Unas pocas palabras biográficas tomadas de Wikipedia.


Seamus Justin Heaney, MRIA (/ˈʃməs ˈhni/; 13 April 1939 – 30 August 2013) was an Irish poet, playwright, translator and lecturer, and the recipient of the 1995 Nobel Prize in Literature. In the early 1960s, he became a lecturer in Belfast after attending university there, and began to publish poetry. He lived in Sandymount, Dublin, from 1972 until his death.
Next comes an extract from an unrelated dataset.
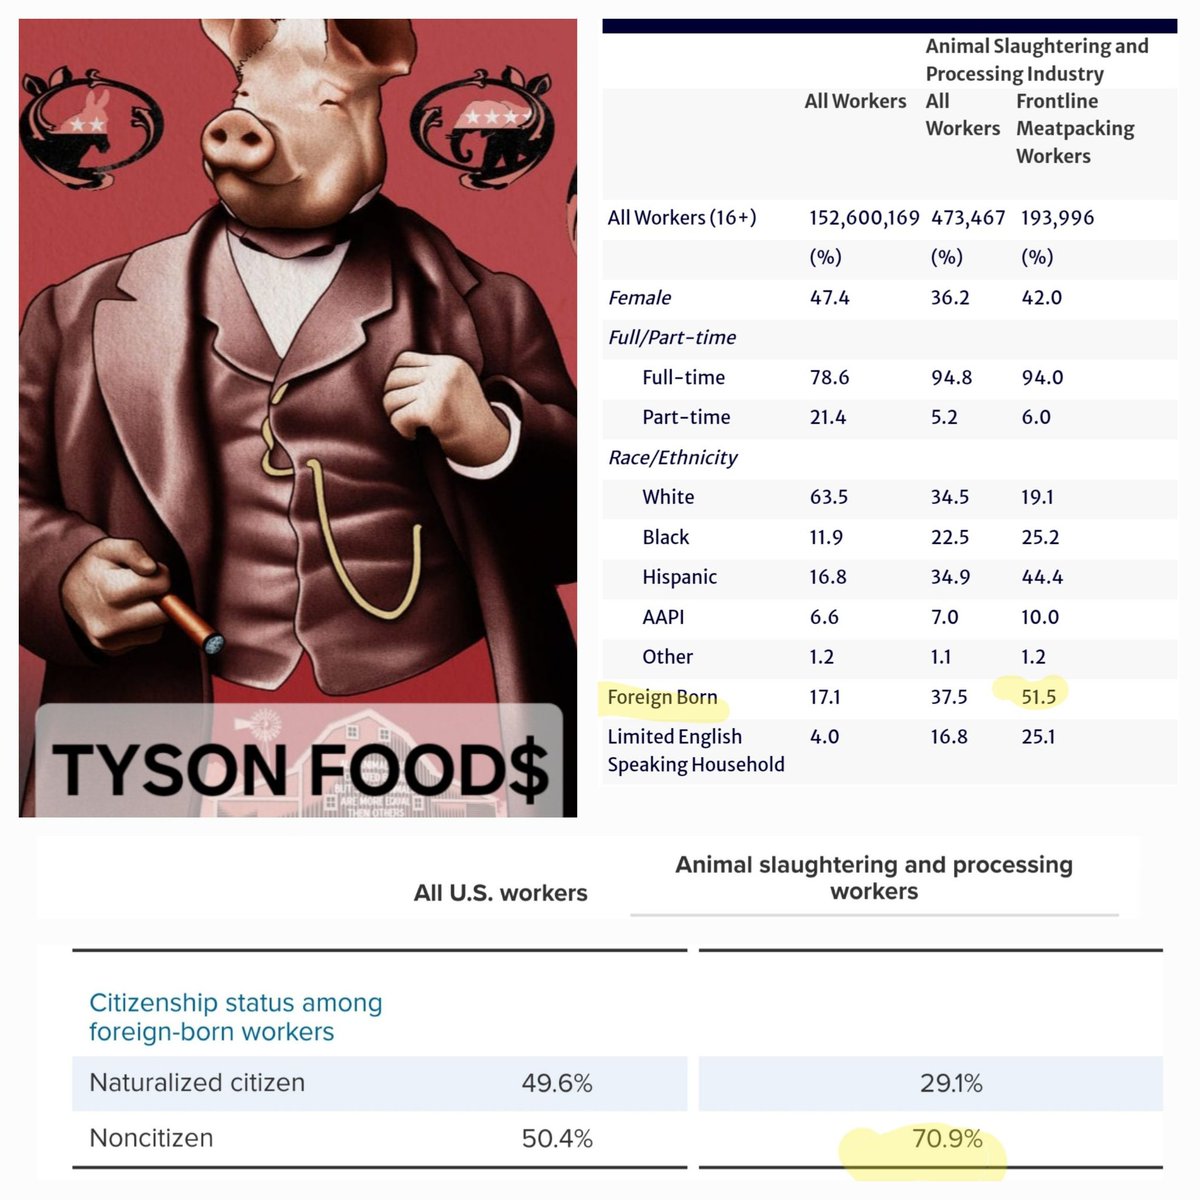 People are complaining that Tyson plans to replace Americans with cheap foreign labor. Thing is: they've already done that. The largest group of people working in slaughterhouses, by far, are not citizens. Now even they've gotten too expensive for the corporate hogs of Big Ag.

Heaney was a professor at Harvard from 1981 to 1997 and its Poet in Residence from 1988 to 2006. From 1989 to 1994 he was also the Professor of Poetry at Oxford and in 1996 was made a Commandeur de l'Ordre des Arts et Lettres. Other awards that he received include the Geoffrey Faber Memorial Prize (1968), the E. M. Forster Award (1975), the PEN Translation Prize (1985), the Golden Wreath of Poetry (2001), T. S. Eliot Prize (2006) and two Whitbread Prizes (1996 and 1999).In 2012, he was awarded the Lifetime Recognition Award from the Griffin Trust For Excellence In Poetry. His literary papers are held by the National Library of Ireland.
Robert Lowell called him "the most important Irish poet since Yeats" and many others, including the academic John Sutherland, have echoed the sentiment that he was "the greatest poet of our age".Robert Pinsky has stated that "with his wonderful gift of eye and ear Heaney has the gift of the story-teller".Upon his death in 2013, The Independent described him as "probably the best-known poet in the world".